Skin depth is fixed by the frequency and the material. The skin depth at a given frequency will be different for different materials.










Left side is skin depth, bottom is frequency.

Unless someone posted misinformation on wikipedia, which is quite possible...

But thanks for the additional explanations in your post. Very informative.


----------



## Mjolinor (Sep 15, 2008)

Yes it does depend on the transmission line parameters of the material but in a real world situation I have never met anything that would discriminate copper from aluminium when discussing the skin depth, they are pretty much the same for both metals.

Wikipedia is correct in the analysis given (I think) but it's not the whole picture, it is simplified. I spent 3 years of my life number crunching the transmission line parameters of power cables and just looking at some of the equations makes me feel like sleeping.


----------



## TexasCotton (Sep 18, 2008)

almoore said:


> Do not use aluminum conductors.I am an Electrician in the construction industry.You must use de-ox compound on all of your connections.The connectors must be dual rated ,for both termination materials,lead and aluminum in your case.Aluminum must be sized two sizes larger than the copper.Aluminum is much softer material than copper ,so extra care must be taken when terminating.In my 30 years I have seen many more aluminun connections fail,due to improper installation and maintenence.The connections on an EV will be subject to moisture ,vibration,chemicals,and other factors that would create a maintenence nightmare.Aluminum wire is a great product and in the right applications is hard to beat.

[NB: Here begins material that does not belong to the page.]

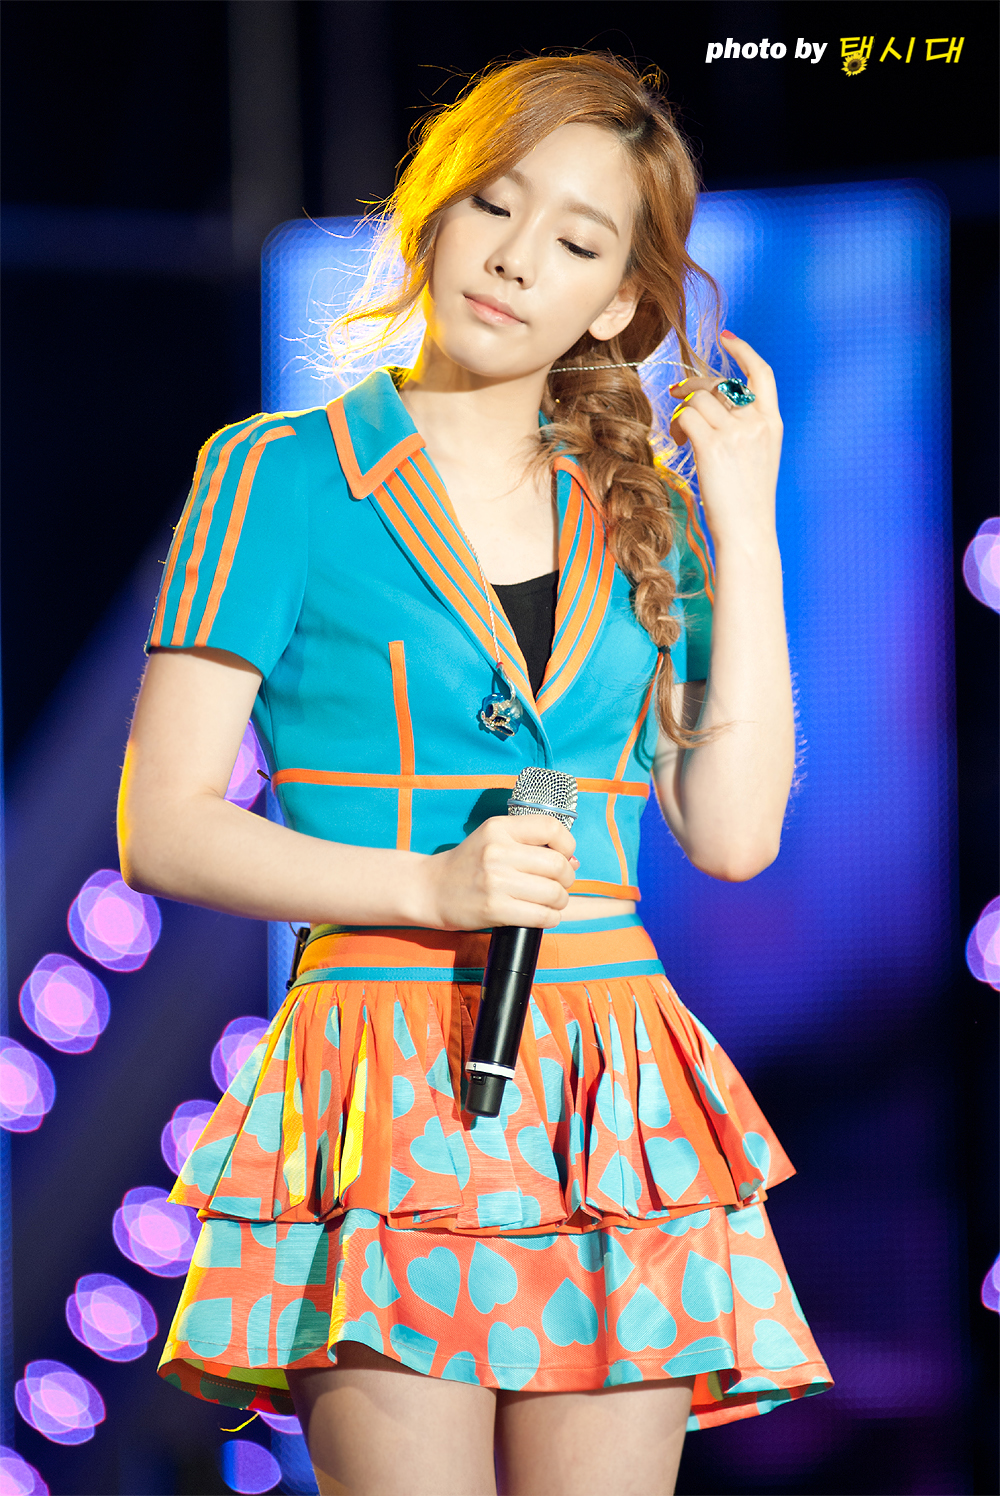 [PIC][30-05-2013]TaeTiSeo biểu diễn tại "PyeongTaek Concert" vào tối nay - Page 3 2217C94151AAC55B350E07

I agree(Amen) with above post
Copper will be coming back down in price since "oil" is dropping in price. Anyway if you search for scrap or salvage copper you save on price !


----------



## iss407 (Dec 6, 2007)

It sounds like the safe bet is to use copper. The recycling place was closed today but I'll check next week to see if they ever get an welding cable brought in. I'm not going to be getting to installing the cabling for a while (haven't even got the motor yet!) so I have time to look for a good deal.

How about terminals. If the batteries have posts is it not better to use a terminal that binds around the post? Are crimped ends the best?


----------



## Technologic (Jul 20, 2008)

iss407 said:


> It sounds like the safe bet is to use copper. The recycling place was closed today but I'll check next week to see if they ever get an welding cable brought in. I'm not going to be getting to installing the cabling for a while (haven't even got the motor yet!) so I have time to look for a good deal.
> 
> How about terminals. If the batteries have posts is it not better to use a terminal that binds around the post? Are crimped ends the best?



Well soldered/crimped together is the best post binding method usually.


----------